#### RECORDS TO PROCESS
● ● ● ● ● ● ●
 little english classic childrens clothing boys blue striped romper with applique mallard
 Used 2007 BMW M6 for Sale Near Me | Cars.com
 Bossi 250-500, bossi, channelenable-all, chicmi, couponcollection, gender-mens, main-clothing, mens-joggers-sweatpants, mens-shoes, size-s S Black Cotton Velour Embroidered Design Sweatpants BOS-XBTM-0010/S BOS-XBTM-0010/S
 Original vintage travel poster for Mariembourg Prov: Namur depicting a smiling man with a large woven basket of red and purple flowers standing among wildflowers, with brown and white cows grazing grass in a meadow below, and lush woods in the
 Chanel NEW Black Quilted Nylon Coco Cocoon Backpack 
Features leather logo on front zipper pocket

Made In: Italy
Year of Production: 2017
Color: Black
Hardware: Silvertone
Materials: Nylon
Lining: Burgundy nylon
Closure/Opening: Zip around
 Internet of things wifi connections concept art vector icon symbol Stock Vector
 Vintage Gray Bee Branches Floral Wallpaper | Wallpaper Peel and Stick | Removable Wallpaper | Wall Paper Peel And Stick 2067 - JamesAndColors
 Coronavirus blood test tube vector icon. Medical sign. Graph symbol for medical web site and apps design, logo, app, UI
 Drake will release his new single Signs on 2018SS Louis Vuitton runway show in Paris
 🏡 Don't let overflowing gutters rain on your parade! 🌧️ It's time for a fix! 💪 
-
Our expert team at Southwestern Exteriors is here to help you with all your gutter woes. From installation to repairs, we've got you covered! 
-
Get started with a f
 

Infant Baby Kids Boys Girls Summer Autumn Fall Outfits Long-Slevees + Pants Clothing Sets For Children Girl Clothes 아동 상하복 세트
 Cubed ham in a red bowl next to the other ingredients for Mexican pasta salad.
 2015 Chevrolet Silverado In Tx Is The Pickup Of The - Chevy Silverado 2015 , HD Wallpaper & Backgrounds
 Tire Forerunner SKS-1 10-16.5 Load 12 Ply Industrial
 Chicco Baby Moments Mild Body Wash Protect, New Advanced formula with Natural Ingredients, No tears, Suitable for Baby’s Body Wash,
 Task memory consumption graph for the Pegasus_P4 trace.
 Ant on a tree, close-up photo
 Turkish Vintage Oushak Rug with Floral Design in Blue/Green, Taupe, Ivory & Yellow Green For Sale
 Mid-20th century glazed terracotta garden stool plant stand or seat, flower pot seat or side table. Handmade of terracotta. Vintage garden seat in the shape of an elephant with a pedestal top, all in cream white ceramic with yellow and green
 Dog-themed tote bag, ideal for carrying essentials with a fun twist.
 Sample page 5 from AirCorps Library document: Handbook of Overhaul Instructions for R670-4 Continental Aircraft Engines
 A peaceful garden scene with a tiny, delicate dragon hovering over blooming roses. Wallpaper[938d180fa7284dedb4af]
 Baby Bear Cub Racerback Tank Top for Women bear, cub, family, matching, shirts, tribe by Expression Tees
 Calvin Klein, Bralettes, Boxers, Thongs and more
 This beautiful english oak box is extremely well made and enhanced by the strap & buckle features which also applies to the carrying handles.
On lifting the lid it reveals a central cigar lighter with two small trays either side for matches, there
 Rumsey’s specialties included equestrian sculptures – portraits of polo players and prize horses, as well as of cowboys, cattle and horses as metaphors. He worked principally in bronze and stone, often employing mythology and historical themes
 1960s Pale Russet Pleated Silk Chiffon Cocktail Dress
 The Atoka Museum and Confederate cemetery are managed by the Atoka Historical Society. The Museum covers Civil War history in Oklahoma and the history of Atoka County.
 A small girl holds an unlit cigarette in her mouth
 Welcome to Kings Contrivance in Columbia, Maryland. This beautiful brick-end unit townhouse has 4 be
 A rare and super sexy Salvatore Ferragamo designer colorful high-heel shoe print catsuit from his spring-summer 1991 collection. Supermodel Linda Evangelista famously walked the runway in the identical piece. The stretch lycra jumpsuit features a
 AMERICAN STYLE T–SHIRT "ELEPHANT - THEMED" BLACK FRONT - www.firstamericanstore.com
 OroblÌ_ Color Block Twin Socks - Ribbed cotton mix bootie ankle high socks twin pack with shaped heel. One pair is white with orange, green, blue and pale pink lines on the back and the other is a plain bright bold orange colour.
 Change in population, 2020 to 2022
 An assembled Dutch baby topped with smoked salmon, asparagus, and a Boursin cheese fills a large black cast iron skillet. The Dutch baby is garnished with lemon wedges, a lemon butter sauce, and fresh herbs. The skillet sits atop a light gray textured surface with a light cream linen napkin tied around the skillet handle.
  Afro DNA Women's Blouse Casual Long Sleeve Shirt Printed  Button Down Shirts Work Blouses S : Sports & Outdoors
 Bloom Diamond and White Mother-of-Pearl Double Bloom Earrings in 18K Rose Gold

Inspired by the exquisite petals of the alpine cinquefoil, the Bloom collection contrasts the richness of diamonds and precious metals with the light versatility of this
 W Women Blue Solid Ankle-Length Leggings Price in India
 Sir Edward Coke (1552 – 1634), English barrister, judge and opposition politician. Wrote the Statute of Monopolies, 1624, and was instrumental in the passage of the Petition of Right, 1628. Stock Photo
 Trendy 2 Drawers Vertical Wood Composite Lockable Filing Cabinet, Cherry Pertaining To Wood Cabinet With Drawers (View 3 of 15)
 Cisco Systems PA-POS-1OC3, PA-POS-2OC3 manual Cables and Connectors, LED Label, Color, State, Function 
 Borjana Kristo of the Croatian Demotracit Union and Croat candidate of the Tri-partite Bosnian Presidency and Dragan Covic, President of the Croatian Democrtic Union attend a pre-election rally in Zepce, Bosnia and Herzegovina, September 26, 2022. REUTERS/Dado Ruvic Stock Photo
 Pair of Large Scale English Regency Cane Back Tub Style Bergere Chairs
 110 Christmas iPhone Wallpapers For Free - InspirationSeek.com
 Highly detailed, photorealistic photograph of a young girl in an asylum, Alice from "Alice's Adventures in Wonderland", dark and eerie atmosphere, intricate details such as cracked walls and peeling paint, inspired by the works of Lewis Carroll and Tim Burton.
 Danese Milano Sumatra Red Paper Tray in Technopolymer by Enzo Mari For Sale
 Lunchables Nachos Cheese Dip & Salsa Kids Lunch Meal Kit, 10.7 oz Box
● ● ● ● ● ● ●
#### PROBLEM TO SOLVE
Copy the entire listing, keeping each line exactly as it is.

#### EXERCISE ANSWER
 little english classic childrens clothing boys blue striped romper with applique mallard
 Used 2007 BMW M6 for Sale Near Me | Cars.com
 Bossi 250-500, bossi, channelenable-all, chicmi, couponcollection, gender-mens, main-clothing, mens-joggers-sweatpants, mens-shoes, size-s S Black Cotton Velour Embroidered Design Sweatpants BOS-XBTM-0010/S BOS-XBTM-0010/S
 Original vintage travel poster for Mariembourg Prov: Namur depicting a smiling man with a large woven basket of red and purple flowers standing among wildflowers, with brown and white cows grazing grass in a meadow below, and lush woods in the
 Chanel NEW Black Quilted Nylon Coco Cocoon Backpack 
Features leather logo on front zipper pocket

Made In: Italy
Year of Production: 2017
Color: Black
Hardware: Silvertone
Materials: Nylon
Lining: Burgundy nylon
Closure/Opening: Zip around
 Internet of things wifi connections concept art vector icon symbol Stock Vector
 Vintage Gray Bee Branches Floral Wallpaper | Wallpaper Peel and Stick | Removable Wallpaper | Wall Paper Peel And Stick 2067 - JamesAndColors
 Coronavirus blood test tube vector icon. Medical sign. Graph symbol for medical web site and apps design, logo, app, UI
 Drake will release his new single Signs on 2018SS Louis Vuitton runway show in Paris
 🏡 Don't let overflowing gutters rain on your parade! 🌧️ It's time for a fix! 💪 
-
Our expert team at Southwestern Exteriors is here to help you with all your gutter woes. From installation to repairs, we've got you covered! 
-
Get started with a f
 

Infant Baby Kids Boys Girls Summer Autumn Fall Outfits Long-Slevees + Pants Clothing Sets For Children Girl Clothes 아동 상하복 세트
 Cubed ham in a red bowl next to the other ingredients for Mexican pasta salad.
 2015 Chevrolet Silverado In Tx Is The Pickup Of The - Chevy Silverado 2015 , HD Wallpaper & Backgrounds
 Tire Forerunner SKS-1 10-16.5 Load 12 Ply Industrial
 Chicco Baby Moments Mild Body Wash Protect, New Advanced formula with Natural Ingredients, No tears, Suitable for Baby’s Body Wash,
 Task memory consumption graph for the Pegasus_P4 trace.
 Ant on a tree, close-up photo
 Turkish Vintage Oushak Rug with Floral Design in Blue/Green, Taupe, Ivory & Yellow Green For Sale
 Mid-20th century glazed terracotta garden stool plant stand or seat, flower pot seat or side table. Handmade of terracotta. Vintage garden seat in the shape of an elephant with a pedestal top, all in cream white ceramic with yellow and green
 Dog-themed tote bag, ideal for carrying essentials with a fun twist.
 Sample page 5 from AirCorps Library document: Handbook of Overhaul Instructions for R670-4 Continental Aircraft Engines
 A peaceful garden scene with a tiny, delicate dragon hovering over blooming roses. Wallpaper[938d180fa7284dedb4af]
 Baby Bear Cub Racerback Tank Top for Women bear, cub, family, matching, shirts, tribe by Expression Tees
 Calvin Klein, Bralettes, Boxers, Thongs and more
 This beautiful english oak box is extremely well made and enhanced by the strap & buckle features which also applies to the carrying handles.
On lifting the lid it reveals a central cigar lighter with two small trays either side for matches, there
 Rumsey’s specialties included equestrian sculptures – portraits of polo players and prize horses, as well as of cowboys, cattle and horses as metaphors. He worked principally in bronze and stone, often employing mythology and historical themes
 1960s Pale Russet Pleated Silk Chiffon Cocktail Dress
 The Atoka Museum and Confederate cemetery are managed by the Atoka Historical Society. The Museum covers Civil War history in Oklahoma and the history of Atoka County.
 A small girl holds an unlit cigarette in her mouth
 Welcome to Kings Contrivance in Columbia, Maryland. This beautiful brick-end unit townhouse has 4 be
 A rare and super sexy Salvatore Ferragamo designer colorful high-heel shoe print catsuit from his spring-summer 1991 collection. Supermodel Linda Evangelista famously walked the runway in the identical piece. The stretch lycra jumpsuit features a
 AMERICAN STYLE T–SHIRT "ELEPHANT - THEMED" BLACK FRONT - www.firstamericanstore.com
 OroblÌ_ Color Block Twin Socks - Ribbed cotton mix bootie ankle high socks twin pack with shaped heel. One pair is white with orange, green, blue and pale pink lines on the back and the other is a plain bright bold orange colour.
 Change in population, 2020 to 2022
 An assembled Dutch baby topped with smoked salmon, asparagus, and a Boursin cheese fills a large black cast iron skillet. The Dutch baby is garnished with lemon wedges, a lemon butter sauce, and fresh herbs. The skillet sits atop a light gray textured surface with a light cream linen napkin tied around the skillet handle.
  Afro DNA Women's Blouse Casual Long Sleeve Shirt Printed  Button Down Shirts Work Blouses S : Sports & Outdoors
 Bloom Diamond and White Mother-of-Pearl Double Bloom Earrings in 18K Rose Gold

Inspired by the exquisite petals of the alpine cinquefoil, the Bloom collection contrasts the richness of diamonds and precious metals with the light versatility of this
 W Women Blue Solid Ankle-Length Leggings Price in India
 Sir Edward Coke (1552 – 1634), English barrister, judge and opposition politician. Wrote the Statute of Monopolies, 1624, and was instrumental in the passage of the Petition of Right, 1628. Stock Photo
 Trendy 2 Drawers Vertical Wood Composite Lockable Filing Cabinet, Cherry Pertaining To Wood Cabinet With Drawers (View 3 of 15)
 Cisco Systems PA-POS-1OC3, PA-POS-2OC3 manual Cables and Connectors, LED Label, Color, State, Function 
 Borjana Kristo of the Croatian Demotracit Union and Croat candidate of the Tri-partite Bosnian Presidency and Dragan Covic, President of the Croatian Democrtic Union attend a pre-election rally in Zepce, Bosnia and Herzegovina, September 26, 2022. REUTERS/Dado Ruvic Stock Photo
 Pair of Large Scale English Regency Cane Back Tub Style Bergere Chairs
 110 Christmas iPhone Wallpapers For Free - InspirationSeek.com
 Highly detailed, photorealistic photograph of a young girl in an asylum, Alice from "Alice's Adventures in Wonderland", dark and eerie atmosphere, intricate details such as cracked walls and peeling paint, inspired by the works of Lewis Carroll and Tim Burton.
 Danese Milano Sumatra Red Paper Tray in Technopolymer by Enzo Mari For Sale
 Lunchables Nachos Cheese Dip & Salsa Kids Lunch Meal Kit, 10.7 oz Box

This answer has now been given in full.